An exact, word-for-word copy of the entries is required, beginning at the line that contains "玄武区月苑北苑一村2室1厅户型图" and ending at the last line, both included.

(Records from a data collection)
#####

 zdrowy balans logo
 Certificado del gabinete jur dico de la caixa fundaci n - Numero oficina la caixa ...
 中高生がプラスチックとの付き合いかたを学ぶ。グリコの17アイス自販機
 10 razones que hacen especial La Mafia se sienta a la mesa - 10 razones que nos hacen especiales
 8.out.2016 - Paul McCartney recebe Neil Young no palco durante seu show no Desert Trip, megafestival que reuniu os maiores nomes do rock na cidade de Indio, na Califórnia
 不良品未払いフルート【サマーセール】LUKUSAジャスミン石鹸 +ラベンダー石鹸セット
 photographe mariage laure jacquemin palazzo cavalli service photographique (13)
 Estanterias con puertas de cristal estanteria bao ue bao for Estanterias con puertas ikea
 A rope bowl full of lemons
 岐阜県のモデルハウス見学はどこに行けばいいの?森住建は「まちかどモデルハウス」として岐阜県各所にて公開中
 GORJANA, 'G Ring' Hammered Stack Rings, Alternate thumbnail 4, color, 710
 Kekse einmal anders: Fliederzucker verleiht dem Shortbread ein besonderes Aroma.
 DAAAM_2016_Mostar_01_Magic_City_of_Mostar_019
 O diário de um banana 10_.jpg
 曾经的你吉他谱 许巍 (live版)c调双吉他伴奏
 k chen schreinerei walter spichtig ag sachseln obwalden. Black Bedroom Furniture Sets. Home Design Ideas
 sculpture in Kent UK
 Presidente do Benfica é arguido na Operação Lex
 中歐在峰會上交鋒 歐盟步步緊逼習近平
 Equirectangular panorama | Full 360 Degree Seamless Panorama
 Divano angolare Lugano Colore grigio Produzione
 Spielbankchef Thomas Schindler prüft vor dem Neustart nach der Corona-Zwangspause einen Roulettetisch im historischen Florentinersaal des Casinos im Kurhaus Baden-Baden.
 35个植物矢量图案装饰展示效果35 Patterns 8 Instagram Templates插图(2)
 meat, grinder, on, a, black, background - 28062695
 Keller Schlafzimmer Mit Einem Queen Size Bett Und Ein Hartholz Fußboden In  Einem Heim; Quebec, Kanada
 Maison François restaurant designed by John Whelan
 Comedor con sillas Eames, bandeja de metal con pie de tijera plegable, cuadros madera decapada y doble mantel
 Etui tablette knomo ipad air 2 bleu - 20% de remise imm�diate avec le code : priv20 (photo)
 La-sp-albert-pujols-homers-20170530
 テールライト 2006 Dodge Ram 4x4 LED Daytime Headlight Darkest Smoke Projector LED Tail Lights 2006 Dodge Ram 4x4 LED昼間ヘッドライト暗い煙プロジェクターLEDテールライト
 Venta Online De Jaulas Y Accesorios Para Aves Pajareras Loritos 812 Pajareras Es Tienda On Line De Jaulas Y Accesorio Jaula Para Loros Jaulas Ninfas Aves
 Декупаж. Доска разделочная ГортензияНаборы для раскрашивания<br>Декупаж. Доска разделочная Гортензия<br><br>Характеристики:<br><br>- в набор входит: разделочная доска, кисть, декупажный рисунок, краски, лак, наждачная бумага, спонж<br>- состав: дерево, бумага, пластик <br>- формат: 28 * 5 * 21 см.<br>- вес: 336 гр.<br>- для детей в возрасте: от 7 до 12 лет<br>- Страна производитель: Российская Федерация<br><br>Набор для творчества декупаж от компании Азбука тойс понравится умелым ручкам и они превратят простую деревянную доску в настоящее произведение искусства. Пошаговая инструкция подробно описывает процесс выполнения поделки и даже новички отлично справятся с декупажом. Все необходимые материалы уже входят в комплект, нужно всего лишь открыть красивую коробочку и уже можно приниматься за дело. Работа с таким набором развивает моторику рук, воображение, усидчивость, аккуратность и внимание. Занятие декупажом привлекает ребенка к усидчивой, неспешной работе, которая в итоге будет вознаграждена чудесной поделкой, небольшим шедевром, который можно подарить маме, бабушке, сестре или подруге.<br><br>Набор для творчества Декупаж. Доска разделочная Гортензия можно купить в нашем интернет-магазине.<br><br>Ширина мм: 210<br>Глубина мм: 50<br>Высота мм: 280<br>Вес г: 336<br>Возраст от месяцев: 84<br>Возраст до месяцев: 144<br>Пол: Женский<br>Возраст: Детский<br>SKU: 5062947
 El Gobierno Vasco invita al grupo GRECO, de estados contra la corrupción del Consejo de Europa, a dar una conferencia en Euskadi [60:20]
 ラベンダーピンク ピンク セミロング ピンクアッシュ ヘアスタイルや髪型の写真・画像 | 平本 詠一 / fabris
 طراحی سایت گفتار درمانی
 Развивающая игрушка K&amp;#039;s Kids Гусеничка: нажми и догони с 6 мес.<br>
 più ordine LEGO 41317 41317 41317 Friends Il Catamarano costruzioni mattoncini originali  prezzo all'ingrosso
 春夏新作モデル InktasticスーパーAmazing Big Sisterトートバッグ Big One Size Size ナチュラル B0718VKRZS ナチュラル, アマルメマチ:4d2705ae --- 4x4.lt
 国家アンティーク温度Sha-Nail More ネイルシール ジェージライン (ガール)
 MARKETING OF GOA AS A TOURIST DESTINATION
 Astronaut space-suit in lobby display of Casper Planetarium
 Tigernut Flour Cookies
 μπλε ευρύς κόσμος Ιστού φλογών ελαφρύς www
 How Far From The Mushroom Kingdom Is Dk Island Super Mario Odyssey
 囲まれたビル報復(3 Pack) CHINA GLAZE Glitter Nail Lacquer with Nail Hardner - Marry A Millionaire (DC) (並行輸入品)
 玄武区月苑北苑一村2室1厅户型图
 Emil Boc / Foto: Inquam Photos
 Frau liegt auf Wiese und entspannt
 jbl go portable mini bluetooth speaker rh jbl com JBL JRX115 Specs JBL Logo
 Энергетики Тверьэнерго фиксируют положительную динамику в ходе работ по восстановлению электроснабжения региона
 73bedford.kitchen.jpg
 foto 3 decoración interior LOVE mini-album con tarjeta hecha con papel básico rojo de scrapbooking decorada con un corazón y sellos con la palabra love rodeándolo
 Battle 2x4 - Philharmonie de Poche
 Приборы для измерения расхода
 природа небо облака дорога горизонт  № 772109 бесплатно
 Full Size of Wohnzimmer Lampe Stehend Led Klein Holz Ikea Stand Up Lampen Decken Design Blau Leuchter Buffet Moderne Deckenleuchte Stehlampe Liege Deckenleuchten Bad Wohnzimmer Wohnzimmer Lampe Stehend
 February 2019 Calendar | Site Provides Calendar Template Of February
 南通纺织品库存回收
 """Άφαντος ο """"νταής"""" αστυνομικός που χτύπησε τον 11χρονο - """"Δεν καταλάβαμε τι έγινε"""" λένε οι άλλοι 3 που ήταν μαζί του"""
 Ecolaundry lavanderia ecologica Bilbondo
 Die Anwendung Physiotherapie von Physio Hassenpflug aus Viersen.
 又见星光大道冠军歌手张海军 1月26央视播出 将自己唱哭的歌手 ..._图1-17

#####

§ **Output for this task**:
 玄武区月苑北苑一村2室1厅户型图
 Emil Boc / Foto: Inquam Photos
 Frau liegt auf Wiese und entspannt
 jbl go portable mini bluetooth speaker rh jbl com JBL JRX115 Specs JBL Logo
 Энергетики Тверьэнерго фиксируют положительную динамику в ходе работ по восстановлению электроснабжения региона
 73bedford.kitchen.jpg
 foto 3 decoración interior LOVE mini-album con tarjeta hecha con papel básico rojo de scrapbooking decorada con un corazón y sellos con la palabra love rodeándolo
 Battle 2x4 - Philharmonie de Poche
 Приборы для измерения расхода
 природа небо облака дорога горизонт  № 772109 бесплатно
 Full Size of Wohnzimmer Lampe Stehend Led Klein Holz Ikea Stand Up Lampen Decken Design Blau Leuchter Buffet Moderne Deckenleuchte Stehlampe Liege Deckenleuchten Bad Wohnzimmer Wohnzimmer Lampe Stehend
 February 2019 Calendar | Site Provides Calendar Template Of February
 南通纺织品库存回收
 """Άφαντος ο """"νταής"""" αστυνομικός που χτύπησε τον 11χρονο - """"Δεν καταλάβαμε τι έγινε"""" λένε οι άλλοι 3 που ήταν μαζί του"""
 Ecolaundry lavanderia ecologica Bilbondo
 Die Anwendung Physiotherapie von Physio Hassenpflug aus Viersen.
 又见星光大道冠军歌手张海军 1月26央视播出 将自己唱哭的歌手 ..._图1-17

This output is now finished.